Schindler’s List tells a story of a German businessman and a member of the Nazi party, Oscar Schindler (Liam Neeson). Assisted by a Jewish accountant Ithzak Stern (Ben Kingsley), he saves lives of hundreds of Jews in Poland during the Holocaust. Schindler’s interest in enrichment through war disappears; instead he feels that he can and has to save innocent people from death. The mission Schindler chooses encourages him to refuse from all his money and sacrifice his life. He has to use all his charm, wisdom, artifice and assets to deal with Nazi authorities, especially Amon Goeth (Ralf Fiennes). Goeth intends to liquidate the ghetto and bring all Jews into the concentration camp. Despite difficult challenges, Schindler manages to save all his workers, but he loses everything. He has to flee in order to avoid the Red Army’s reprisal, but he saved 600 people from death. During celebration the saved workers gave Schindler a signed letter, acknowledging his actions as a rescuer of Jewish people. They also give him a golden ring with a quotation of Talmud, which says, “Whoever saves one life saves the world entire.” When Schindler died, his grave became one of the holy places, where Jews make pilgrimage.
Normally, more that 90% of the film’s success depends on the actors. However, it is not the case with Schindler’s List. In his interview, Steven Spielberg admits that he was not searching personalities, who would exactly resemble real characters. He required emotional and mutual proximity of the actors to the characters. Consequently, he chose Liam Neeson and Ralf Fiennes because they “had the presence” of their characters (Royal).
Spielberg refers to religious matters in many works. Schindler’s List is not an exception, where the filmmaker demonstrates godlike representation in humans. Images of Oskar Schindler and Amon Goeth embody good and evil as well as exhibit two extremities of a human being (Gallian, 2005-2008, p. 63). The audience watches two characters acting as God, who has the power of saving one’s life or taking it.
The first episode of the film relates to a religious matter.

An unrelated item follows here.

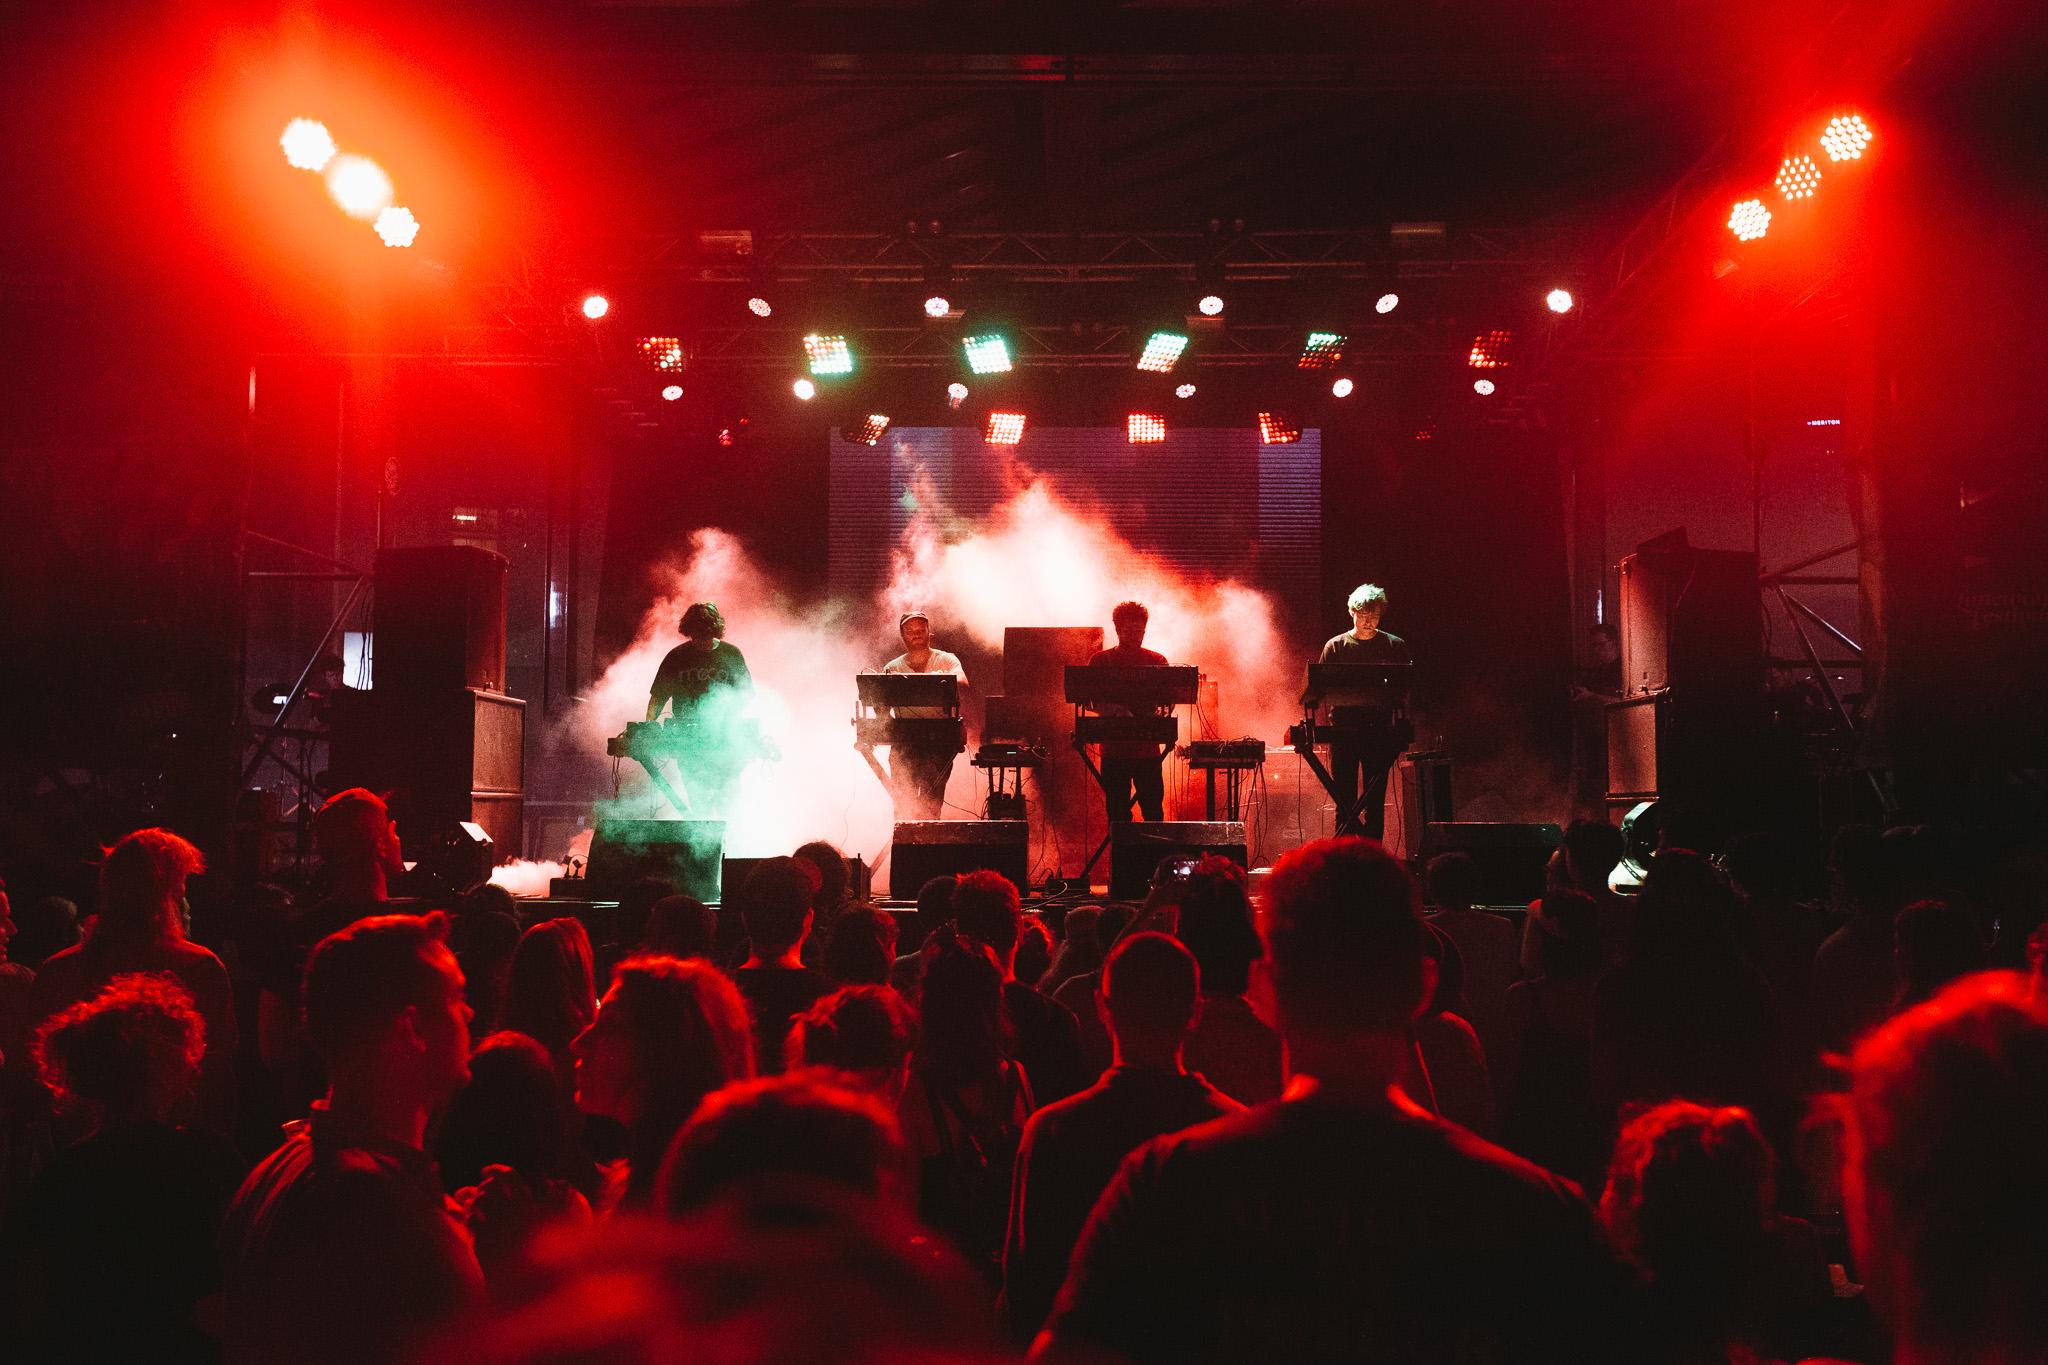 SURVIVE_Laneway-Festival-Brisbane-2018_Credit-Bianca-Holderness-1.jpg

It is candlelight, which means the beginning of a new life, since light was one of the first things created by God. A Sabbath prayer is continuing; a Jewish family is glorifying the day of man’s creation. Soon the candlelight disappears, and there is no family at the table, which symbolizes death of many Jews. Under the circumstances of genocide, the list of factory workers also means creation of life, because those, who are included in it, will survive. Schindler is a very important person for his employees. He is their Noah, and the factory is the ark that will keep them safe during the war. Moreover, he is their Moses, who has to move to different places, leading his people with him. This reference is not explicit in the film because Amon Goeth asks Schindler, “Who are you, Moses?” Finally, Schindler is his workers’ god, whose own supplies are perceived as manna by them (Gallian, 2005-2008, p. 67). Schindler chooses his assistant Ithzak Stern, just as Jesus Christ choses his Apostles. Schindler often appears in the film accompanied by Christian signs, usually crosses and much light, which are also connotations of him as God.
Amon Goeth is Schindler’s antipode, he is “an imitator of God, mocking his actions” (Gallian, 2005-2008, p. 71). He also has control over other people deciding whether to take one’s life, and in most cases, he kills people. He slaughters them like animals. He is a barbarian, psychopath, and demon. He represents evil in the movie. Spielberg often matches Schindler and Goeth. He shows their opposite actions simultaneously demonstrating their similarity (as in the episode, where they both kiss Helen Hirsch, a servant in Goeth’s villa). Through these actions, Spielberg points that good and evil are interlinked and it is difficult to differentiate between them (Gallian, 2005-2008, p. 70). It is the evidence of unity and struggle of opposites. Spielberg also combines two religions, namely Judaism and Catholicism. Such blending of religions represents a “single idea of goodness” (Gallian, 2005-2008, p. 75), which is, indeed, more important than any religion. Sometimes one’s kindness can save lives of hundreds regardless of their faith.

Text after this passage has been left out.